Over the last several months, IGIS has been working to collect, digitize and spatially reference historical project data from the RECs. Recently, we were given some very detailed data for projects at the Hopland REC dating back to 1952. Unfortunately, the data came in the form of two binders filled with typed annual project lists, well over one hundred pages in all. Somehow I needed to find a way to get all of these historical projects into a database that could then be attached to our existing spatial data sets.
First off, I tried the manual entry route, simply typing each project entry from the historical lists into the database.

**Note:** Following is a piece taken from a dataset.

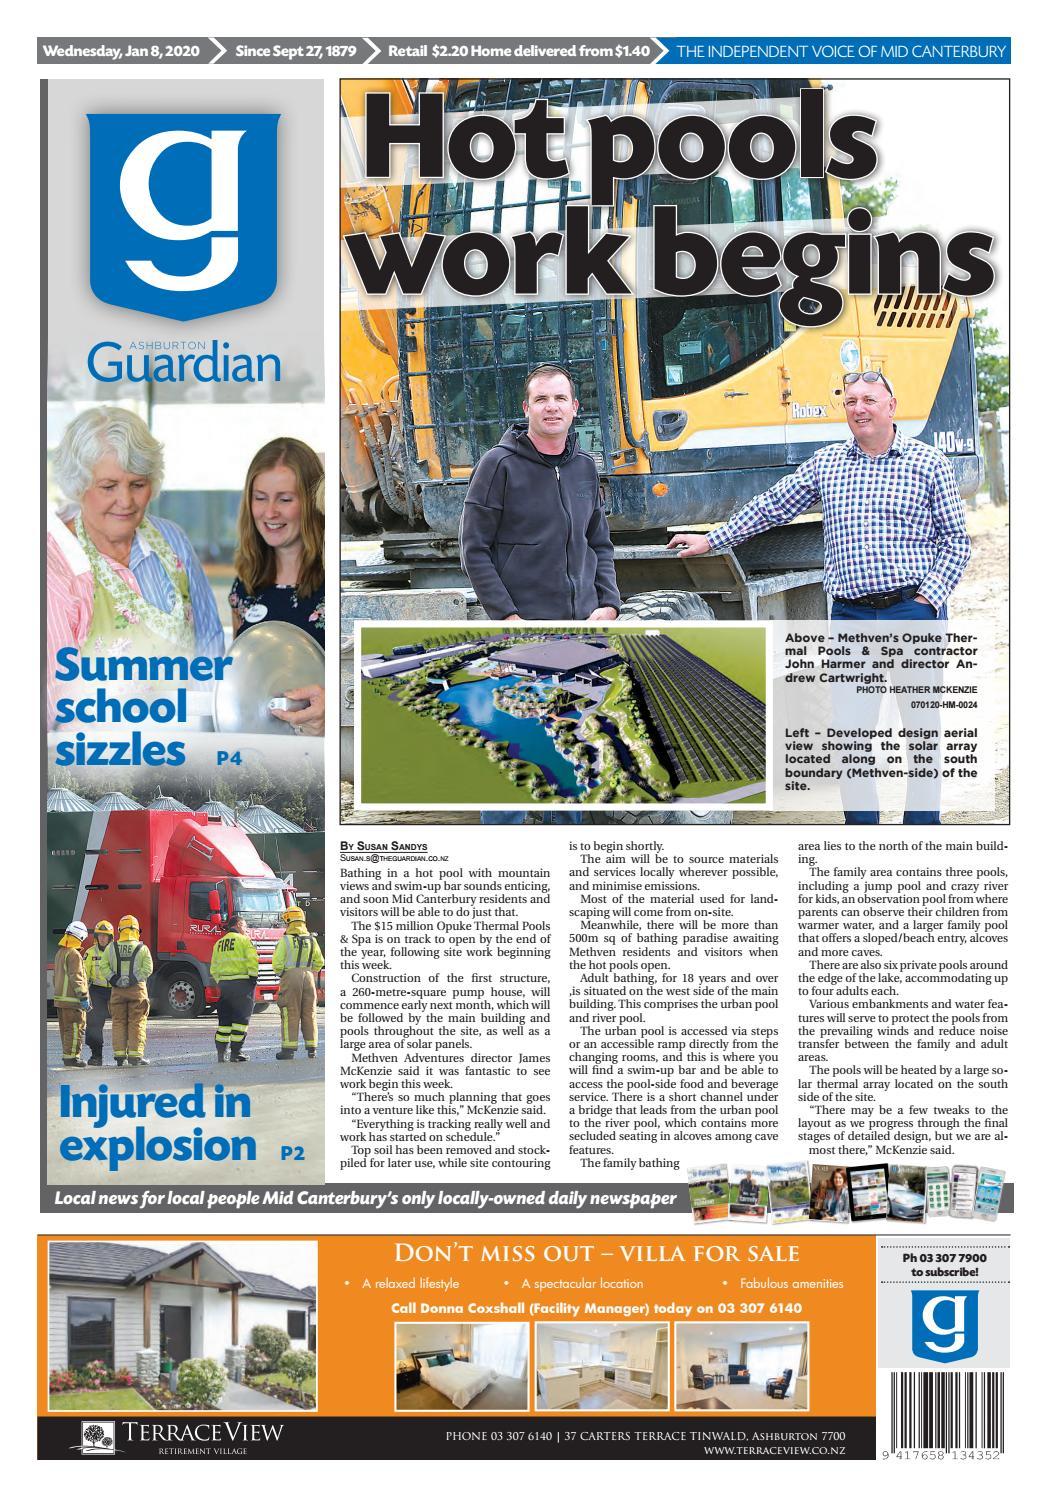 Ashburton Guardian Wednesday January 8 2020 By Ashburton

I quickly realized that with my mediocre typing skills, this approach would take far too long and be incredibly frustrating, so I decided to search for a technological solution to speed up the process and Optical Character Recognition (OCR) software seemed like an obvious path to take.
There are numerous web-based OCR options out there that are both free and reasonably accurate, but they all seem to limit you to upload and convert a single page of text at a time. If you just have a page or two of text that you need to work with, that would be fine, but it's a less than optimal solution for processing very large amounts of data.
Fortunately, I discovered that Drive, Google's free cloud storage site, will automatically detect text and perform OCR on any pdf that you upload. The process is incredibly simple, fast and also quite accurate. The formatting was not always perfect, and it seemed to have issues with certain numbers and symbols, but in a very short time, I had all my data loaded into Google Drive and converted to real text that I could simply copy and paste into my database. It drastically cut the time it took to complete the project and I would recommend anyone who needs to do OCR on large datasets to check out Google Drive.